À Saint-Antoine-sur-Richelieu
Dixième enfant d’Olivier Durocher et de Geneviève Durocher, famille très respectée à Saint-Antoine-sur-Richelieu (Québec), Eulalie Durocher naît le 6 octobre 1811. Elle reçoit son éducation première de sa mère, ex-élève des Ursulines à Québec, et de son grand-père, ancien soldat de Carillon. Durant deux ans, elle fréquente le pensionnat de Saint-Denys-sur-Richelieu tenu par les religieuses de la Congrégation de Notre-Dame. Malgré sa faible constitution, elle est une enfant vive et joyeuse. Toutefois, des problèmes de santé l’empêchent de poursuivre ses études et son rêve de vie religieuse semble compromis.
Adolescente, Eulalie monte fièrement son beau cheval César pour visiter ses amis, les malades et les moins fortunés de son village. Elle aime aussi se rendre à l’église pour prier et adorer Jésus présent au Tabernacle. À la mort de sa mère, Eulalie a 18 ans. L’épreuve est grande, mais la jeune femme prend courageusement la direction du foyer.
À Beloeil
Peu après, son frère Théophile, nommé à la cure de Beloeil, invite son père et sa sœur à venir habiter le presbytère Saint-Matthieu. Gouvernante et hôtesse des lieux durant 12 ans (1831-1843), Eulalie accueille les prêtres en repos et s’engage dans la paroisse et la société de son milieu. Assistée de son amie, Mélodie Dufresne, elle visite les démunis, enseigne le catéchisme aux enfants, organise les célébrations liturgiques, soutient les familles dans les moments difficiles, entraîne les bénévoles dans une action concertée.
À l’arrivée des Oblats de Marie-Immaculé à Saint-Hilaire, en 1841, elle collabore à leur mission d’évangélisation et fonde l’association des Enfants de Marie, la première du genre au Canada. La force de son rayonnement et sa personnalité joyeuse attirent et transforment les jeunes filles.

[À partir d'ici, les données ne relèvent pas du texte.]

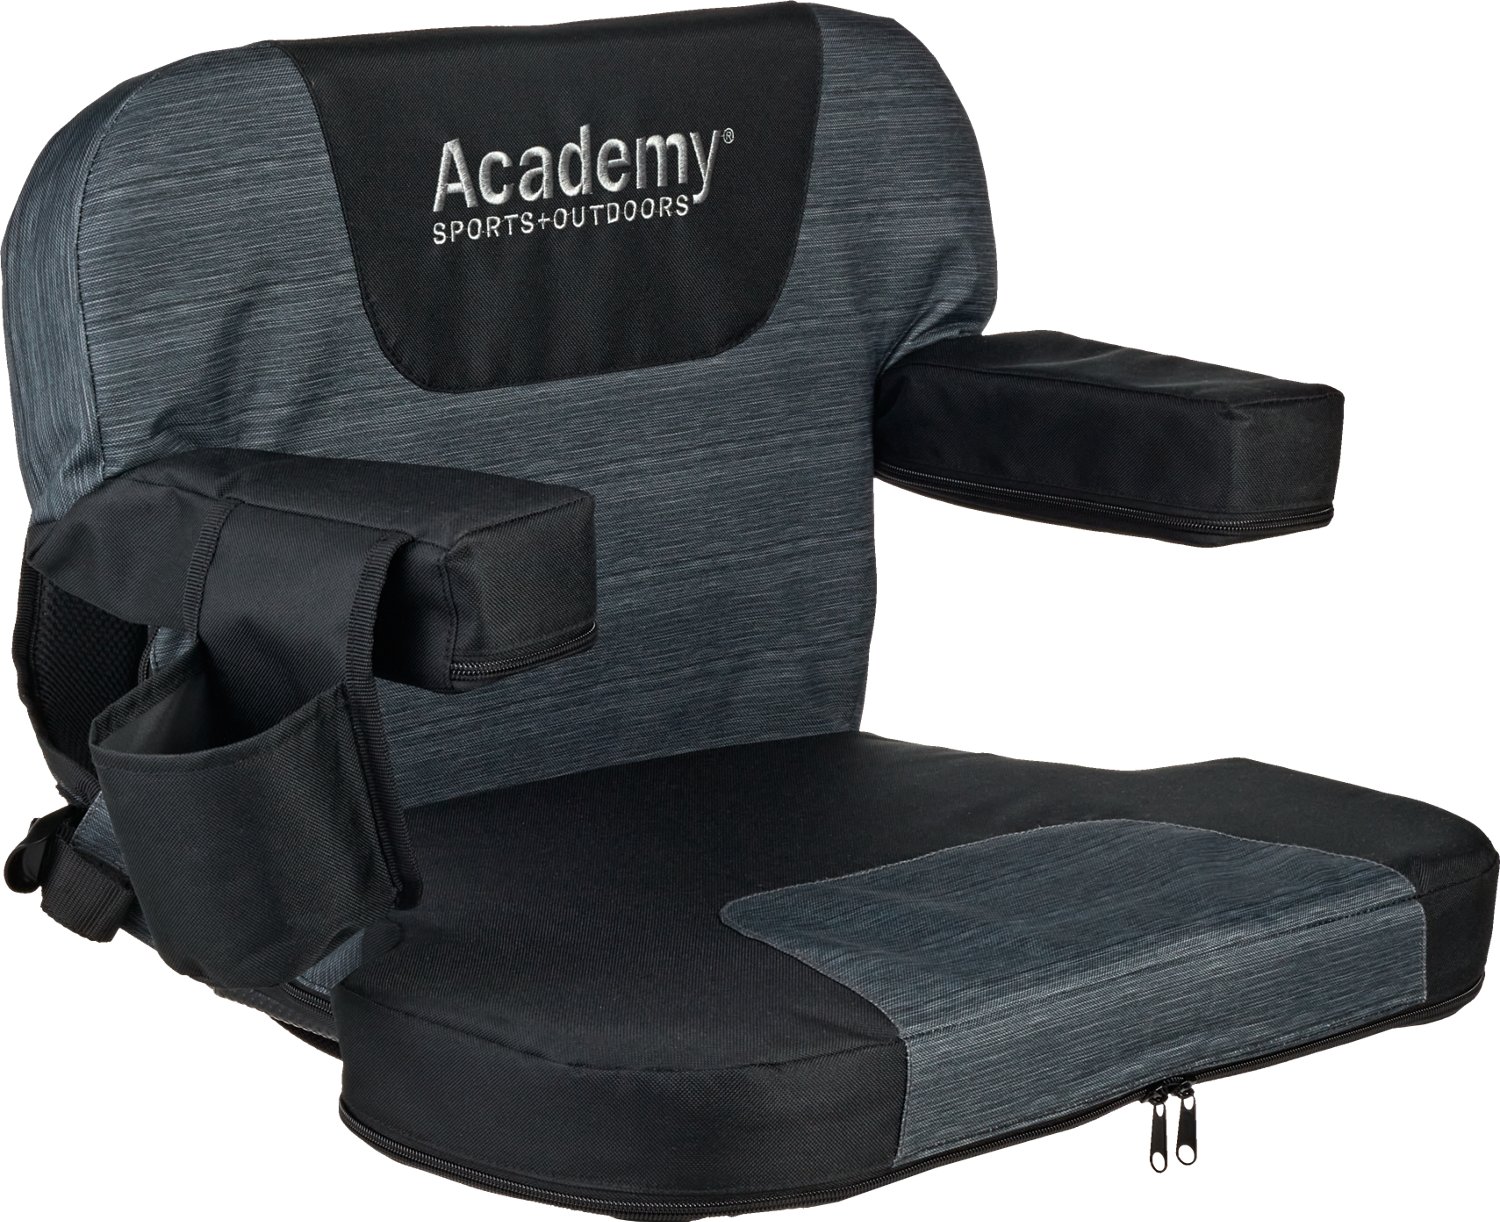 https://academy.scene7.com/is/image/academy/21048281?$d-plp-product-image$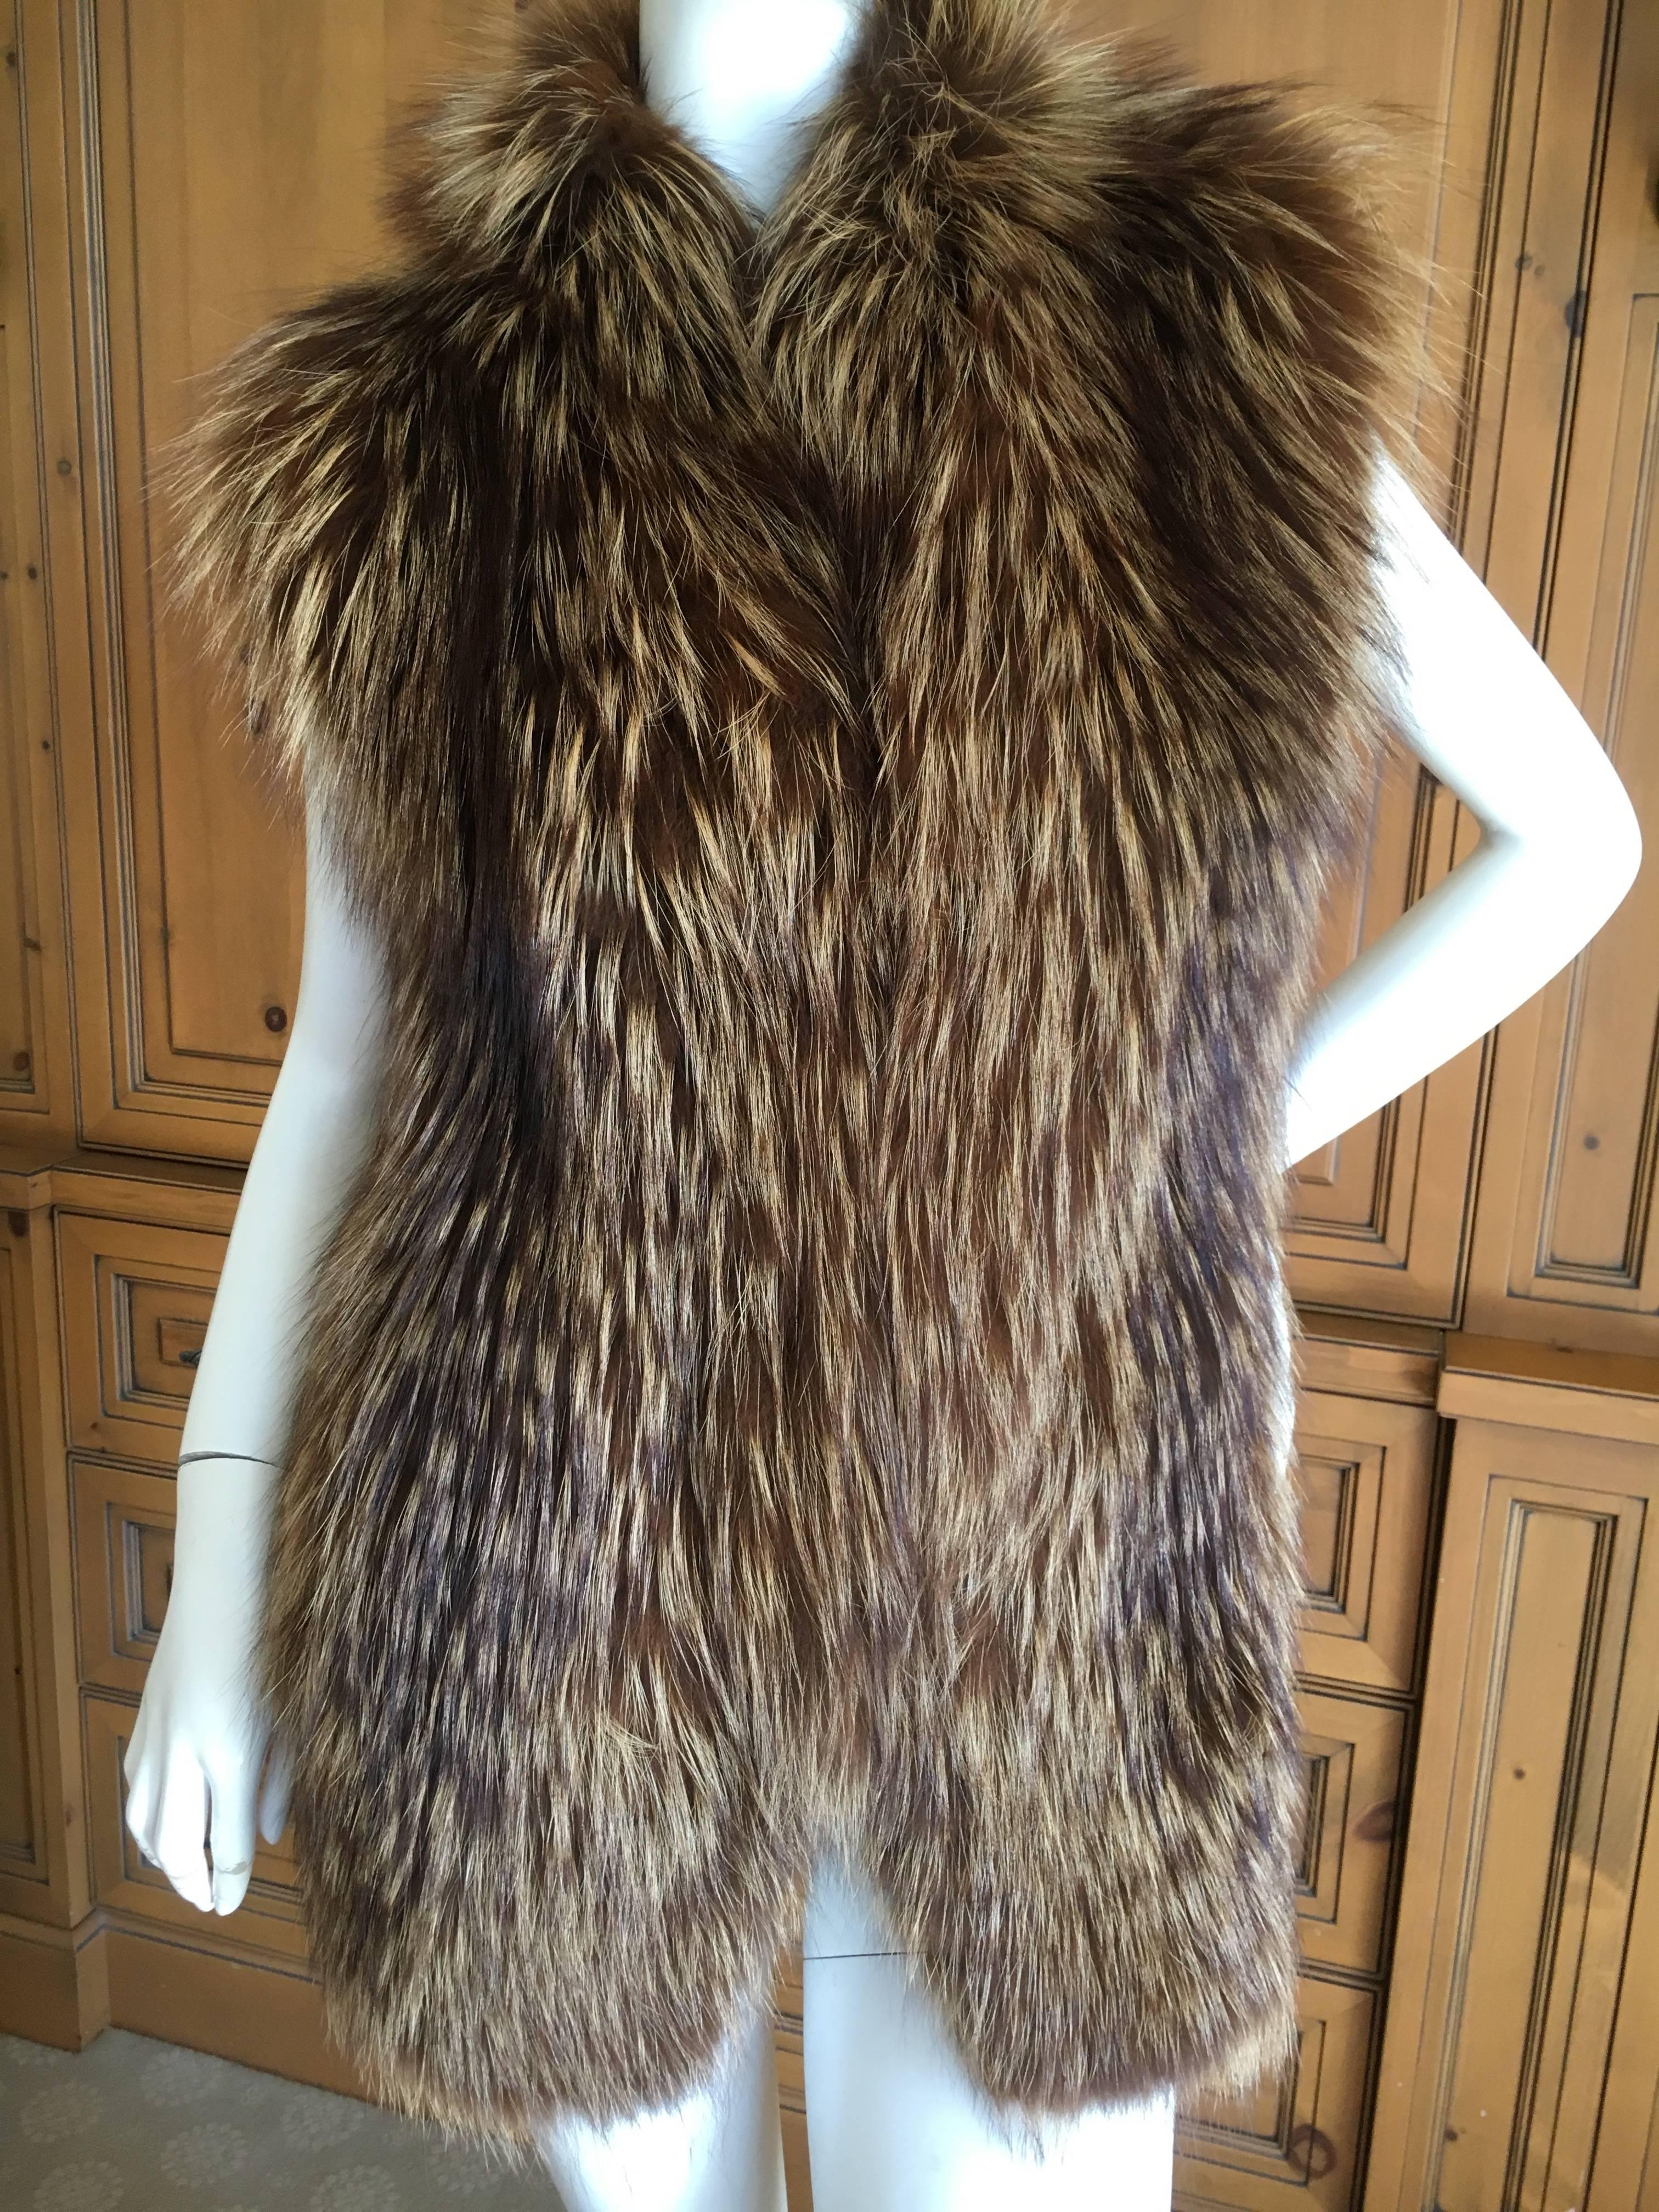 Gucci Fur Vest with Knit Back In Excellent Condition For Sale In Cloverdale, CA

Son séjour à Beloeil marque une étape importante dans sa vie. Instruite du climat politique et des besoins du pays, Eulalie déplore la pauvreté de l’instruction religieuse et le manque d’écoles, spécialement pour les filles. Le désir de la vie religieuse l’habite toujours, et elle rêve que de petits couvents soient érigés dans les paroisses. Elle accepterait de se joindre à une Communauté que Mgr Ignace Bourget ferait venir de France.
À Longueuil
À sa grande déception, les religieuses de Marseille ne peuvent venir au Canada. Mgr Bourget qui connaît bien les aspirations et les aptitudes d’Eulalie Durocher l’incite donc à fonder elle-même cette Communauté. Le 28 octobre 1843, Eulalie et Mélodie Dufresne viennent rejoindre Henriette Céré qui enseigne déjà dans l’école de la Fabrique, à Longueuil. Cette maison offerte par le curé Moïse Brassard sera le berceau de la Congrégation.
Mener de front l’initiation à la vie religieuse et un nouveau projet d’éducation n’est pas une tâche facile. Surtout que les pionnières rencontrent plusieurs obstacles : oppositions, pauvreté, critiques, incompréhensions. Une foi profonde, une ouverture sociale et un amour ardent pour la jeunesse permettent d’assurer des bases solides à l’Institut.
Sous le nom de mère Marie-Rose, Eulalie s’adjoint des femmes de talent et elle voit à leur assurer une excellente préparation pédagogique. La collaboration des Frères des Écoles chrétiennes et celle des Oblats est précieuse, à cet égard. Selon sa vision, il faut donner à l’enfant, une éducation complète, au point de vue spirituel, scolaire, artistique, social.
Du vivant de la fondatrice, quatre maisons sont érigées : les couvents de Longueuil, de Beloeil, de Saint-Lin et de Saint-Timothée. En vue de rendre l’éducation accessible au plus grand nombre, elle a voulu qu’à côté de chaque pensionnat se trouve une école où le même programme puisse être enseigné gratuitement, grâce au revenu du pensionnat.
Mère Marie-Rose assume la direction de la jeune congrégation jusqu’à sa mort prématurée, six ans plus tard, en 1849. Les témoignages recueillis à cette occasion attestent la sainteté de sa vie toute consacrée à Dieu et au prochain. En 1982, lors de sa béatification à Rome, l’Église l’a reconnue comme une femme apostolique et une messagère des temps nouveaux.
Depuis 2004, elle repose dans la chapelle Marie-Rose, à la cocathédrale de Longueuil.